Watching it together, Clemente Jr., then 7, started bouncing off the walls when the ball landed in left-center.
“I knew it was a happy moment, but [I did] not really understand the magnitude of that moment until later on," he said.
That's partly because when his dad was home, the conversations weren't about baseball. It was about being a dad, making music, tending to the animals they had. It was just a hit to a 7-year-old son, but with 50 years of context, it's grown into more.
“The more I think about that moment of him standing on second base, to have that moment, that feeling of accomplishment, pride and understanding that he was representing all minorities at that moment," he said. "He carried that all the time, from day one to the last day. He was representing all of us, really.”
____________________
Those who picked up a copy of The Pittsburgh Press on Oct. 1 may have been puzzled with the layout choice that day.

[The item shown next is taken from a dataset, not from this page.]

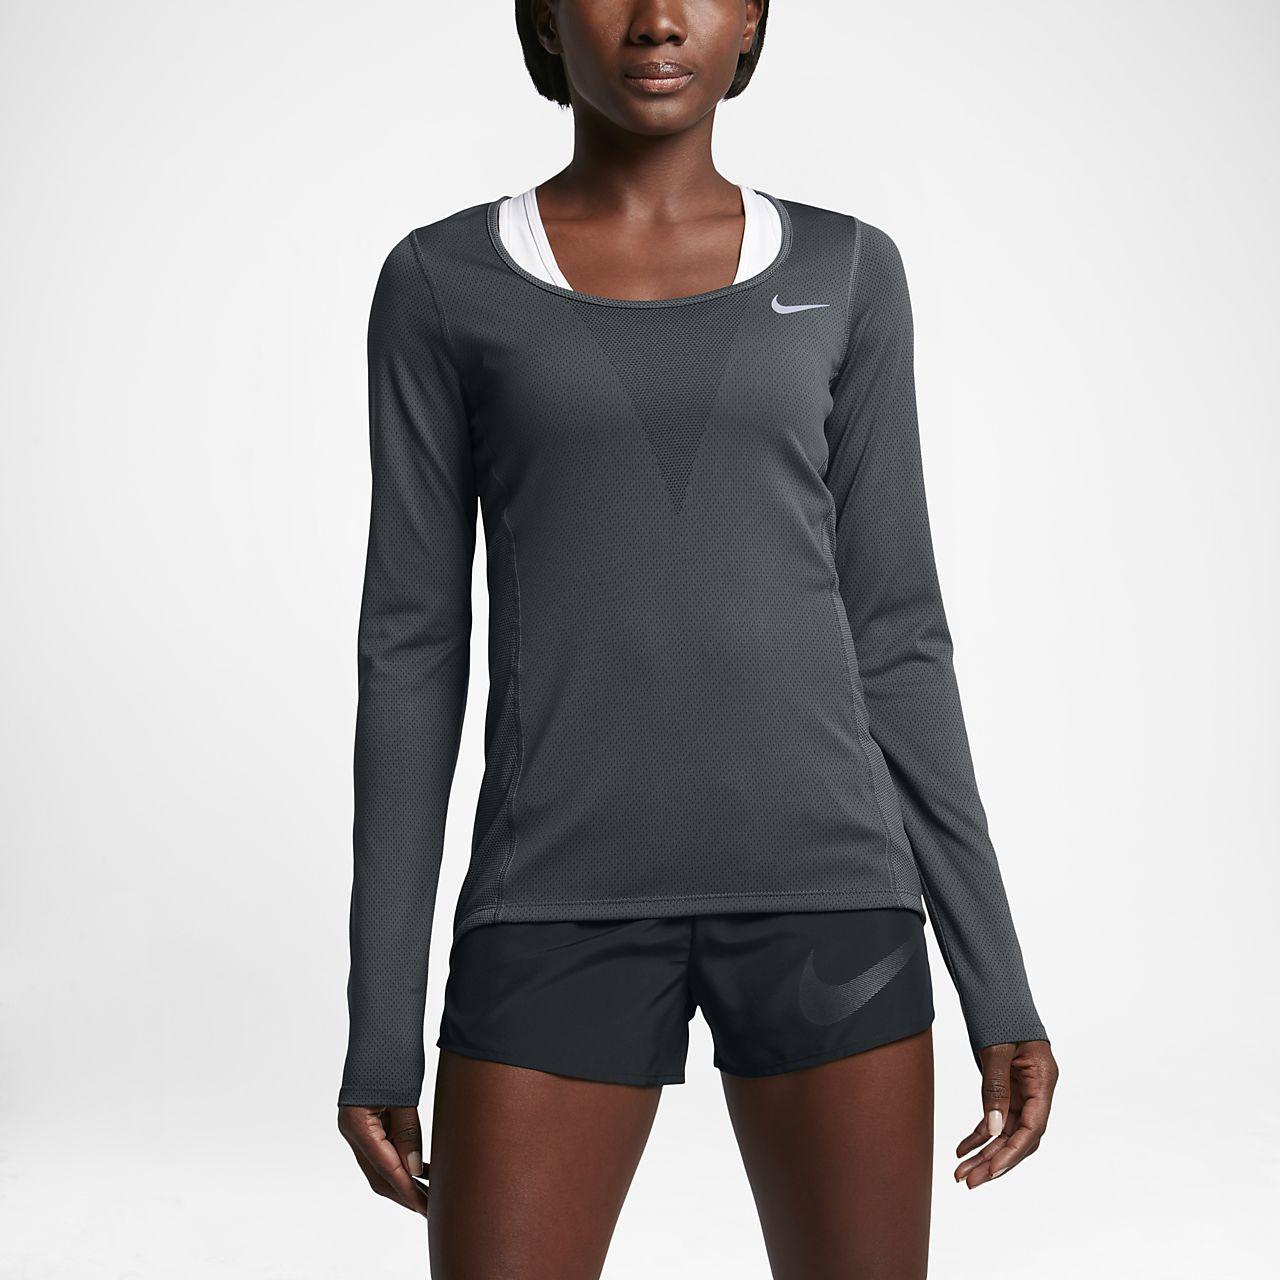 ... Nike Relay Women's Long-Sleeve Running Top

“That’s one of the great newspaper stories of all-time," Smizik said.
Smizik's story about Clemente read "Clemente Gets 3,000th. Will Rest Till Playoffs." It was a sidebar to the allegedly big news story of the day: Pitt football just lost to another bottom-feeder program that year, Northwestern, to fall to 0-4, en route to a 1-10 season.

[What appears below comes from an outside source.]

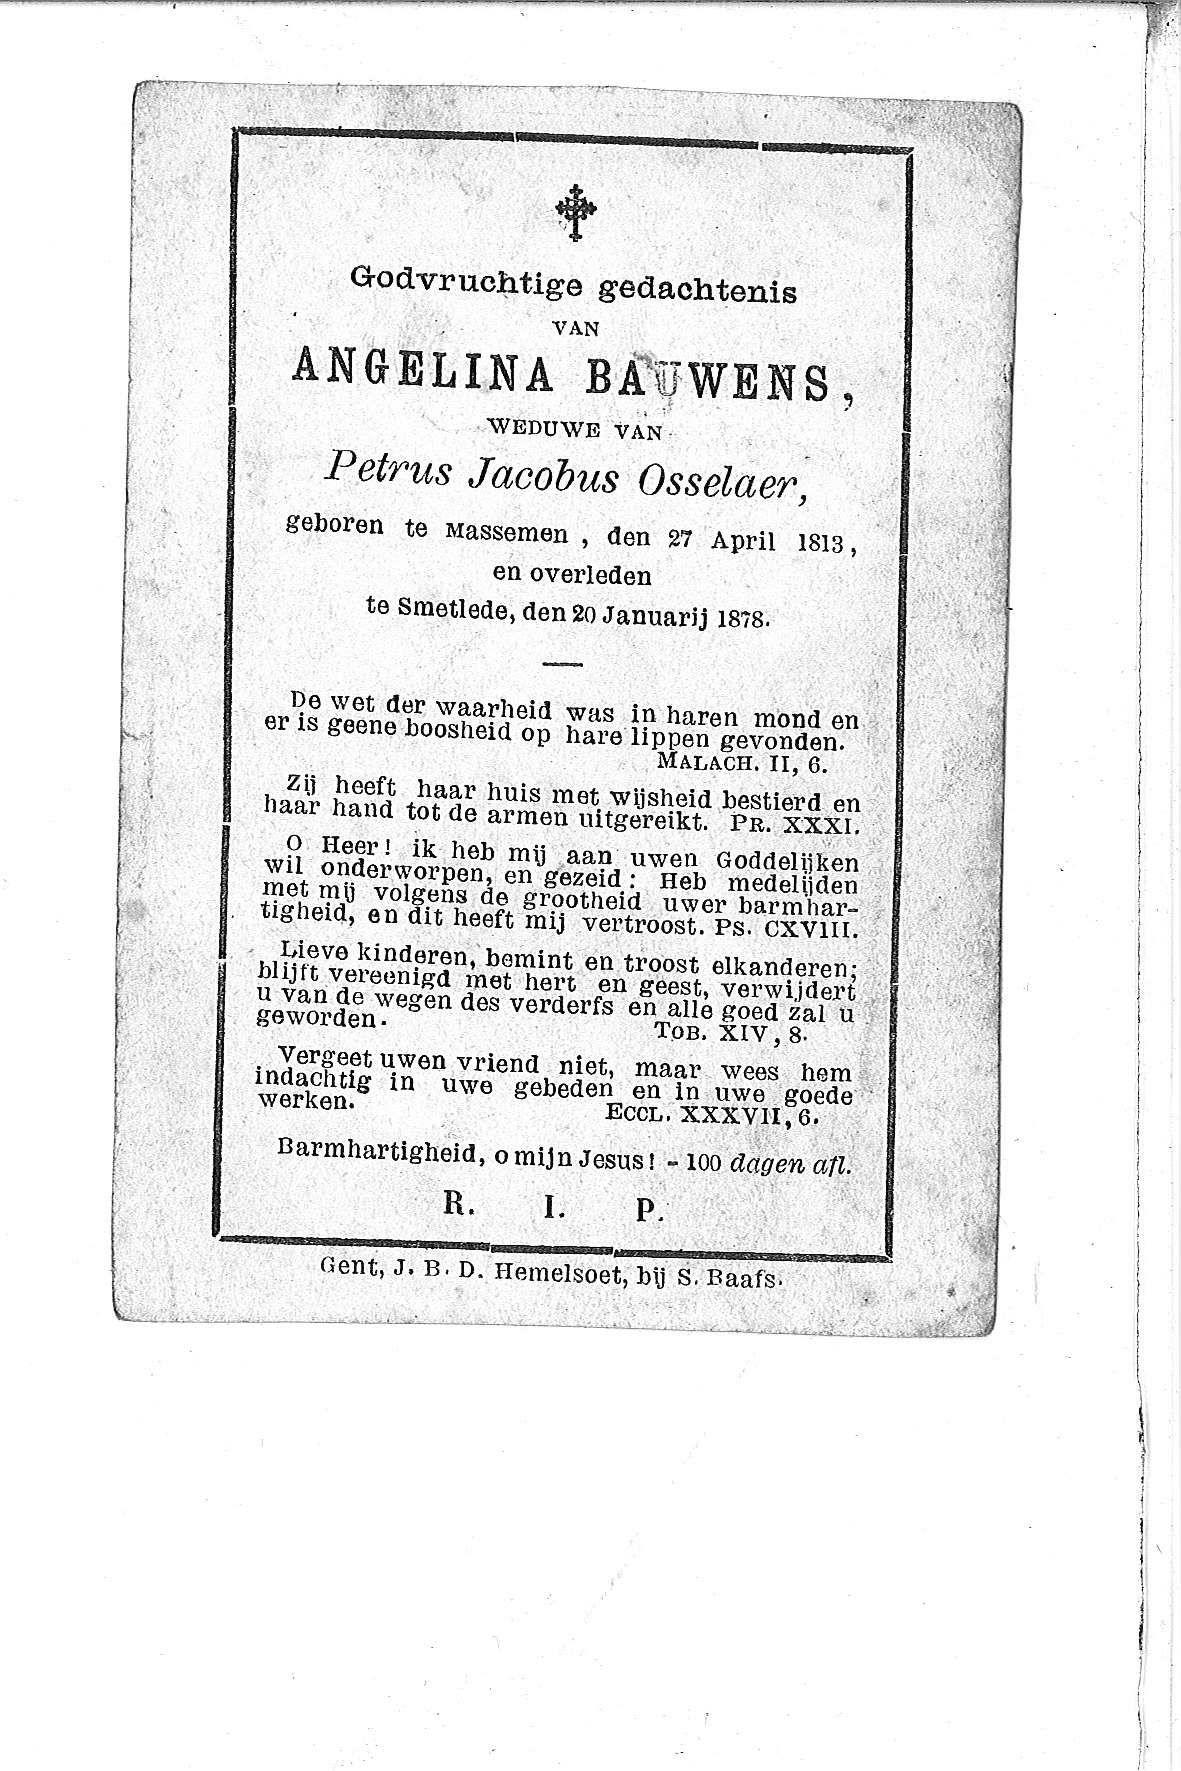 Angelina(1878)20101026093432_00009.jpg

“The players didn’t like to acknowledge whatever you wrote," Smizik said. "But when I walked into the locker room the next day, they were screaming and yelling at me because of the absurdity of the situation.”
The culprit, Smizik suspects, was his editor, a Pitt graduate who perhaps let some personal feelings about their alma mater get in the way of what the city's sports fans would actually want to read.

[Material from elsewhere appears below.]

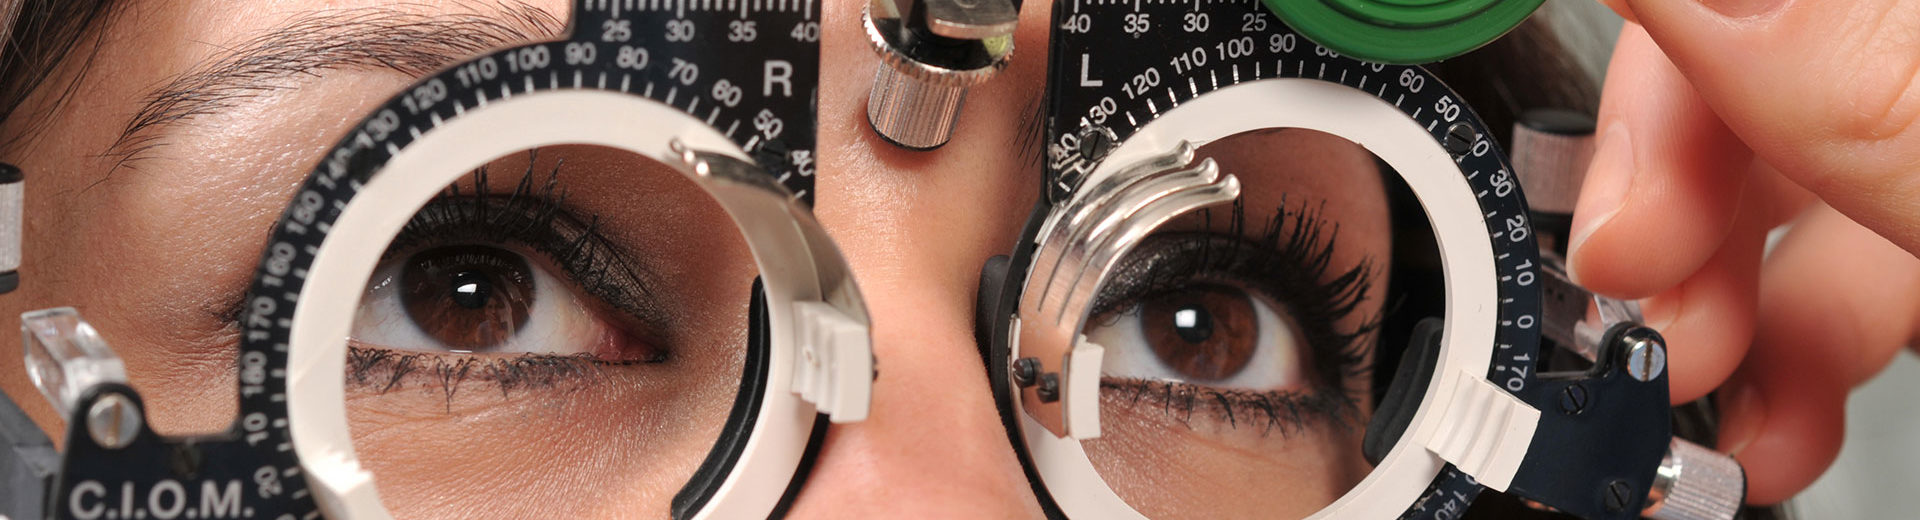 important o regular checkup eye

“I think he expected that Pitt would be at the top of the page, and that’s what he did," Smizik theorized. "... The Sunday sports editor was one of the worst newspaper men I ever worked with. It could have been his doing, too."
____________________
MORRIS BERMAN / GETTY
Roberto Clemente is handed his 3,000th hit by second base umpire Doug Harvey.
That would be, of course, the last regular season hit of Clemente's career. He rested the remainder of the season for the playoffs, where the Pirates lost to the Reds on a wild pitch in game five of the National League Championship Series. Three months later, he took off on that fateful flight pointed towards Nicaragua.
He could have kept playing. Smizik said he was 38, but "looked and played like he was 28." His OPS that season was right in line with his career average, and even if his arm was not quite at its peak anymore, if a runner was on first base on a hit to right, Smizik said they still jogged to second because they didn't want to risk going to third.
“Only he knew what his standards were," Blass said. "We’ll never know. What a way to go out, landing right at 3,000. I was honored to be there watching that.”
“It is very mystical that the story ends with 3,000 on the dot," Clemente Jr. said. "I think because of that, he became the gatekeeper of the 3,000 club.”
Friday, he'll be celebrated as a ballplayer. On Saturday, efforts will continue on the Clemente family's part to help after Hurricane Fiona struck Puerto Rico, a fitting extension of his actions off the field.
"It's going to be a special day for us," Clemente Jr. said. "Not being in Pittsburgh will be pretty strange, but I think what we are doing [in his] memory is something that is always going to be a positive thing to what’s going on around us.”